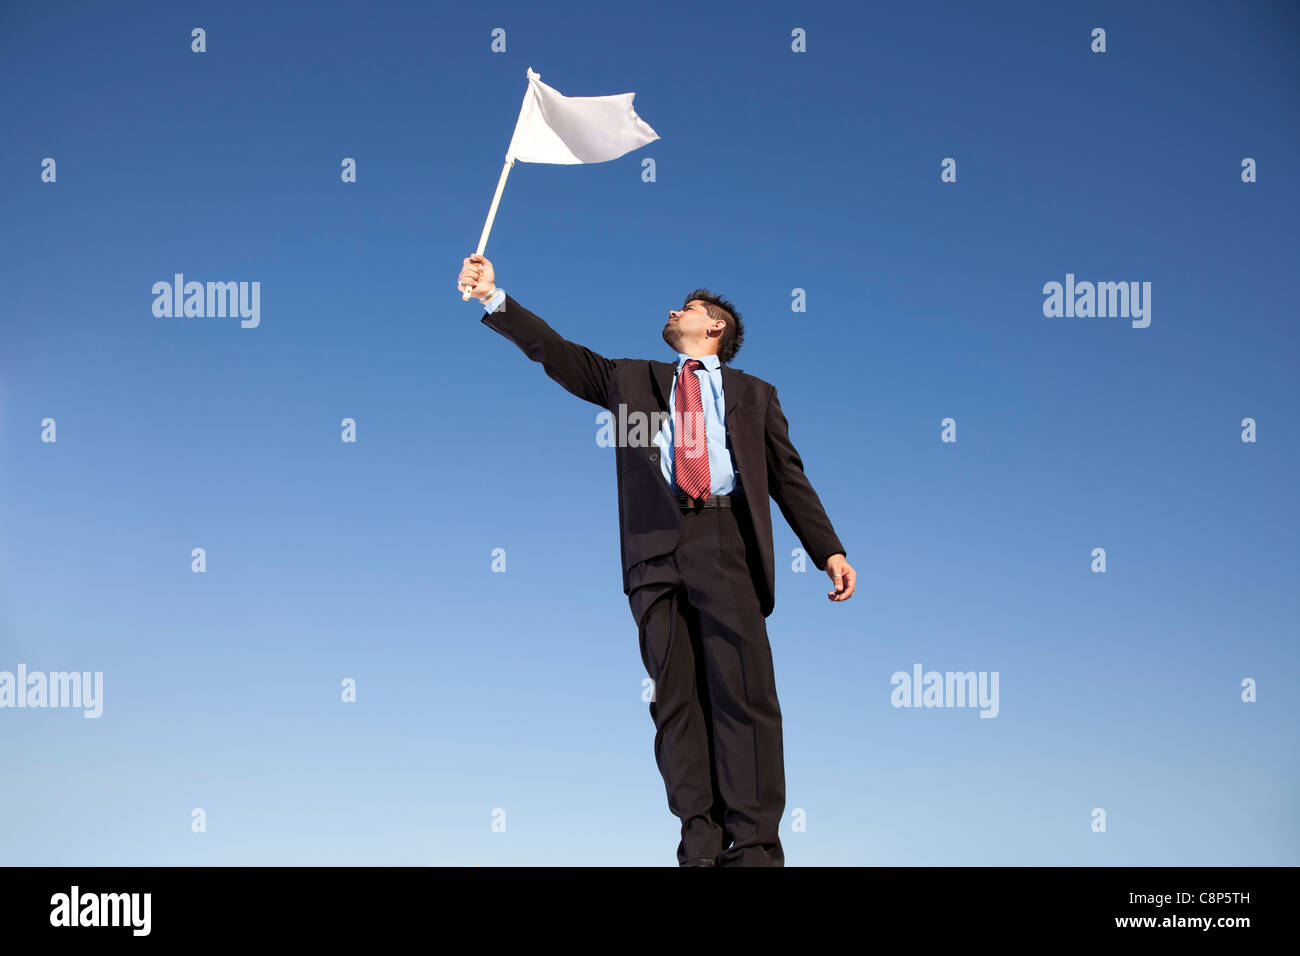 Unternehmer fordern Hingabe hält eine weiße Fahne Stockfoto
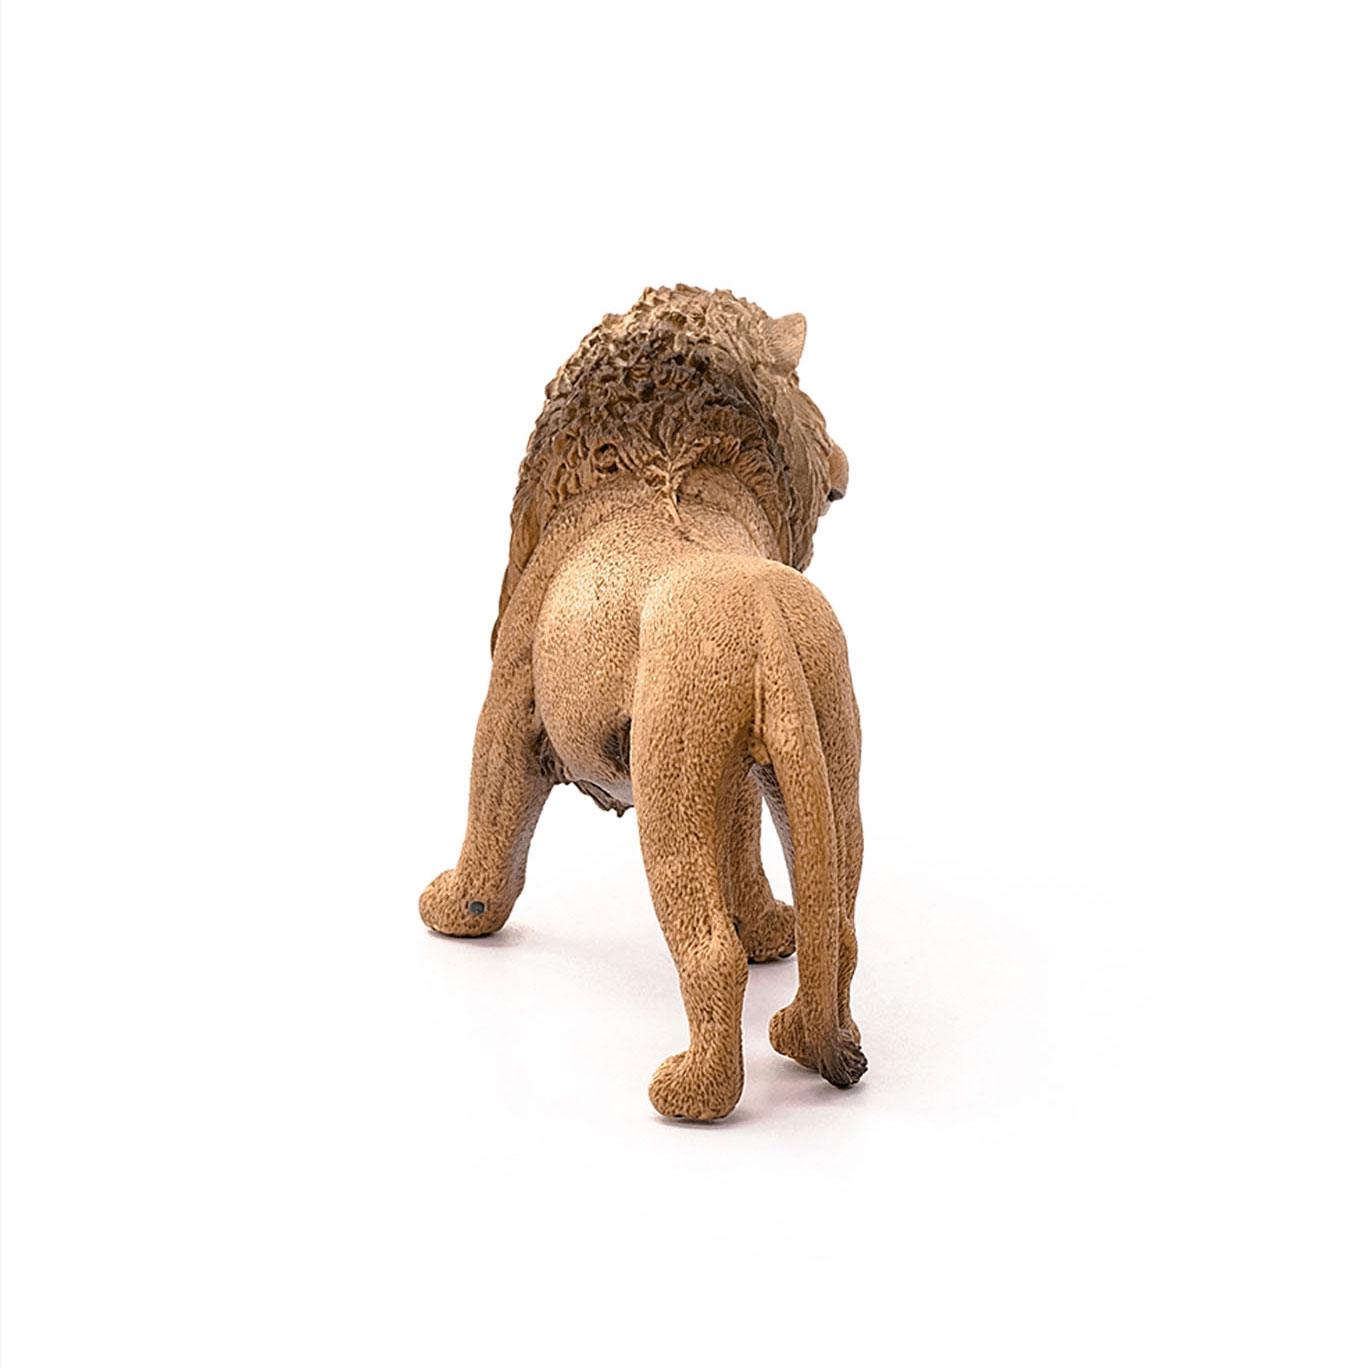 New Schleich 14726 Roaring Lion Toy Figurine 
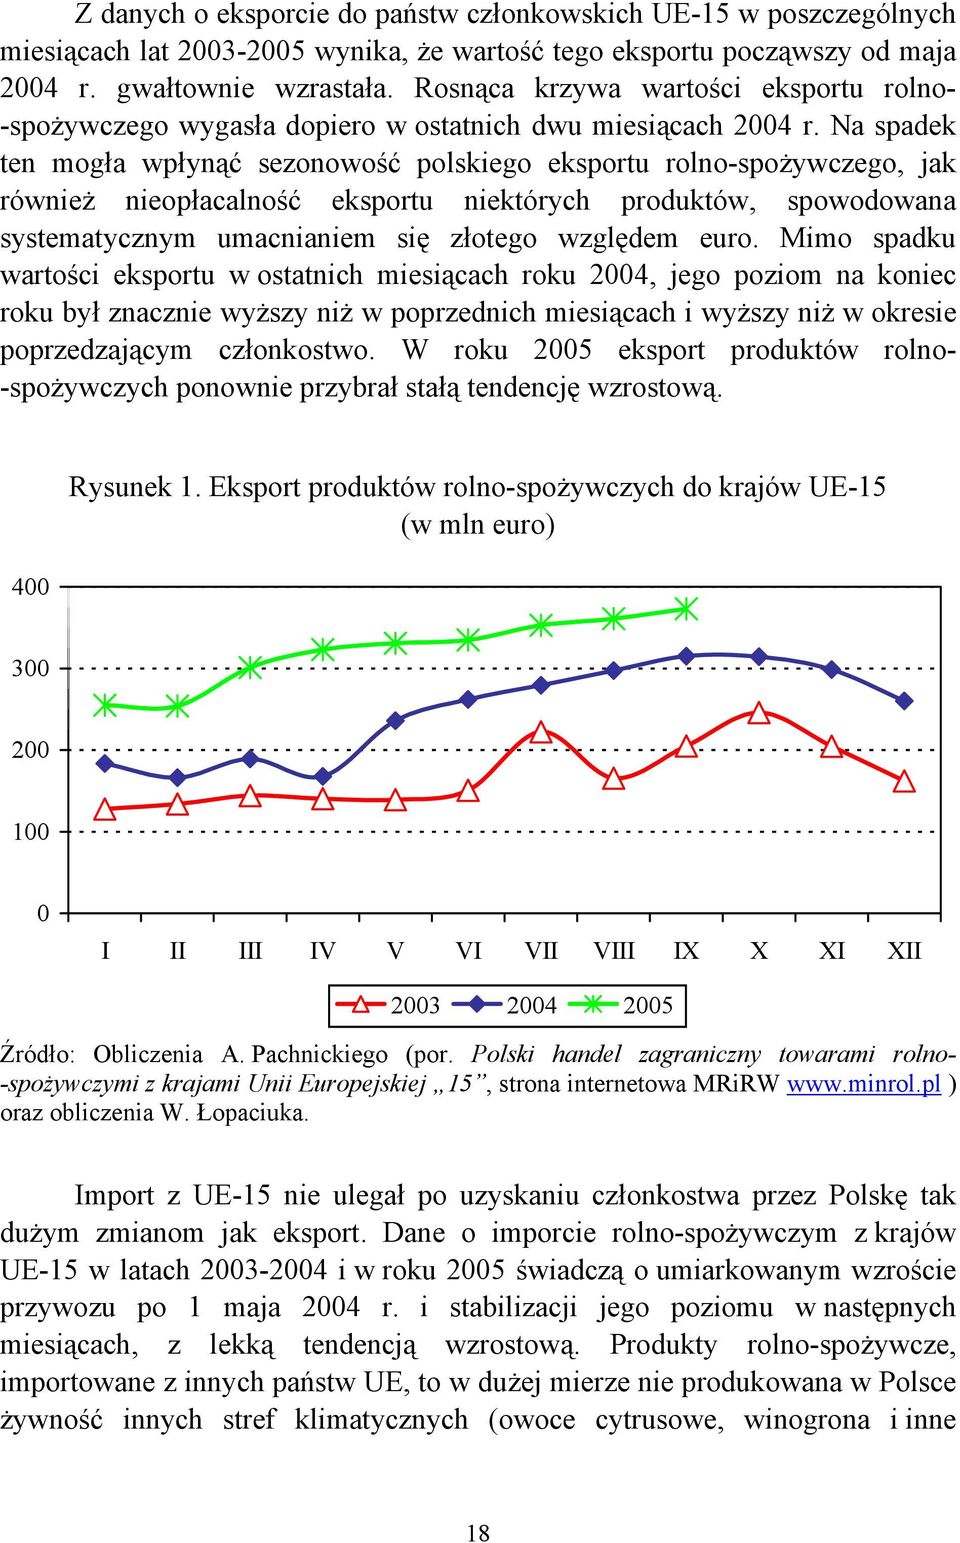 Na spadek ten mogła wpłynąć sezonowość polskiego eksportu rolno-spożywczego, jak również nieopłacalność eksportu niektórych produktów, spowodowana systematycznym umacnianiem się złotego względem euro.
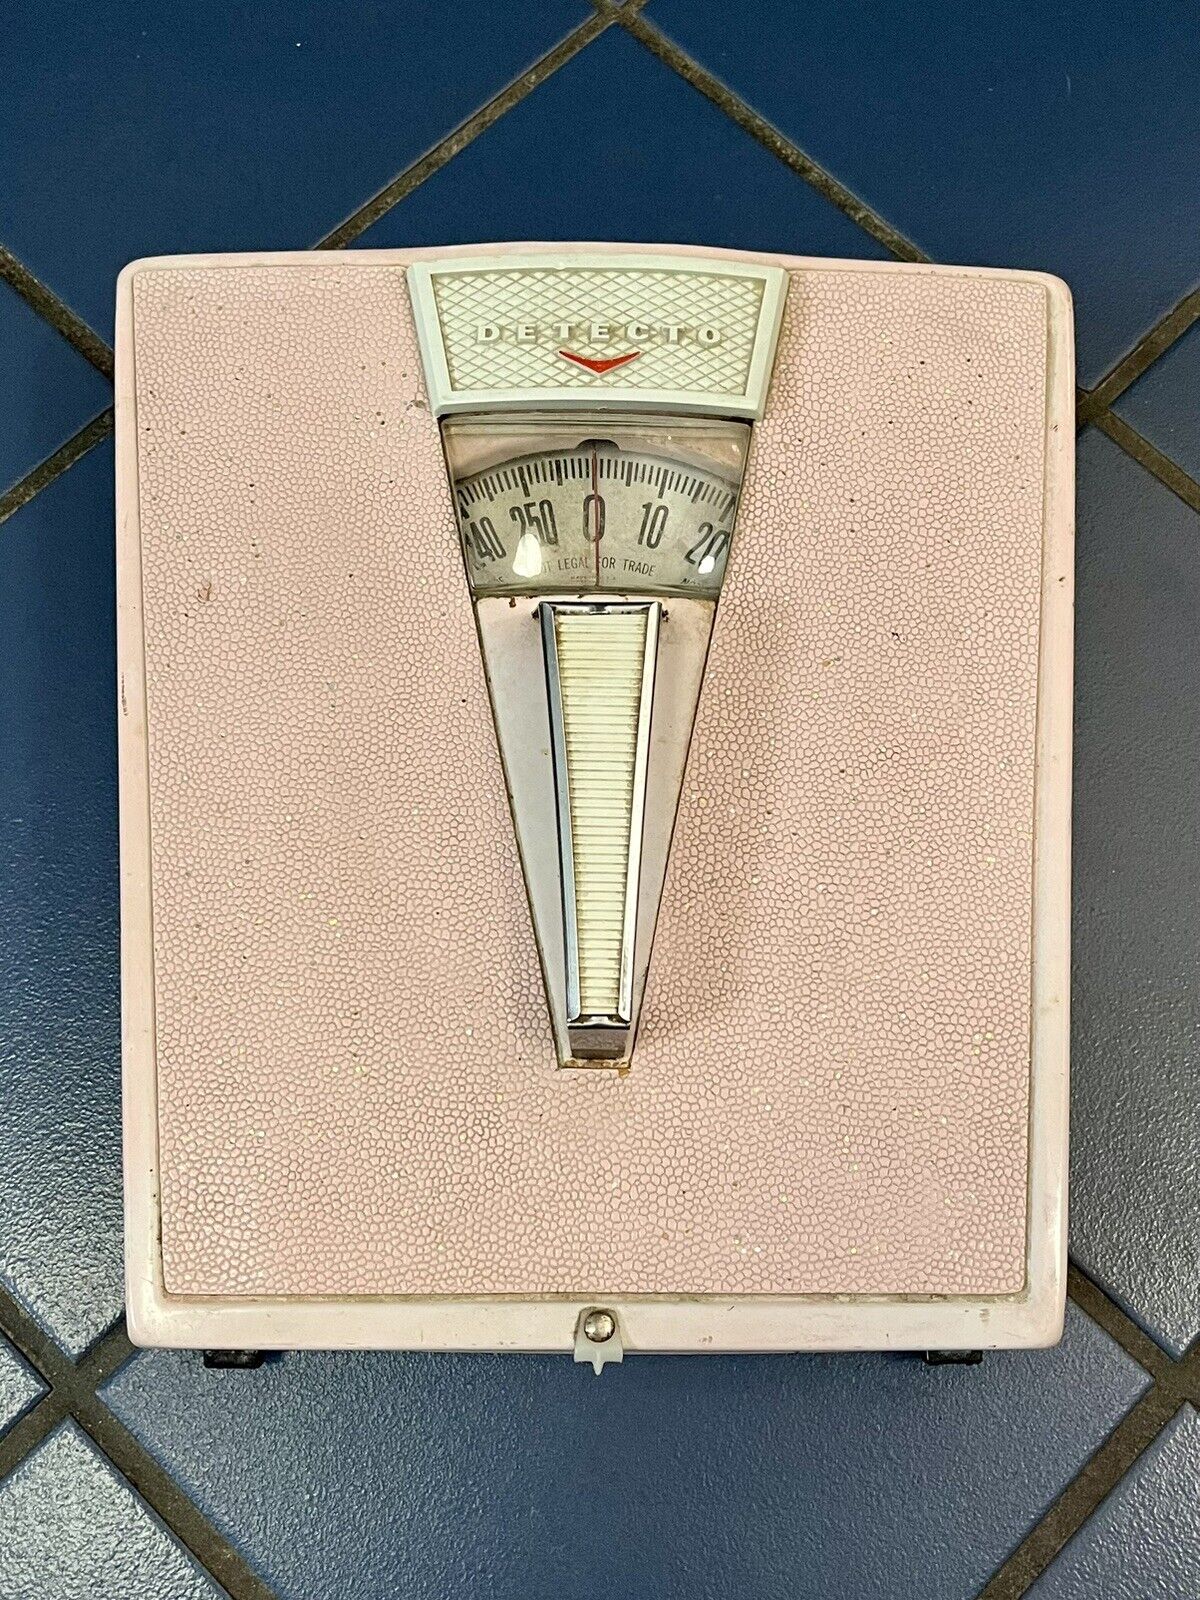 RARE 1950’s Vintage/Retro Detecto MCM Bathroom Scale - Pink With Silver Speckles

**PROBLEM STATEMENT:** Word for word, restate the material above; do not carry over the pictures.

**EXERCISE ANSWER:**
 Unternehmer fordern Hingabe hält eine weiße Fahne Stockfoto
 New Schleich 14726 Roaring Lion Toy Figurine 
 Na spadek ten mogła wpłynąć sezonowość polskiego eksportu rolno-spożywczego, jak również nieopłacalność eksportu niektórych produktów, spowodowana systematycznym umacnianiem się złotego względem euro.
 RARE 1950’s Vintage/Retro Detecto MCM Bathroom Scale - Pink With Silver Speckles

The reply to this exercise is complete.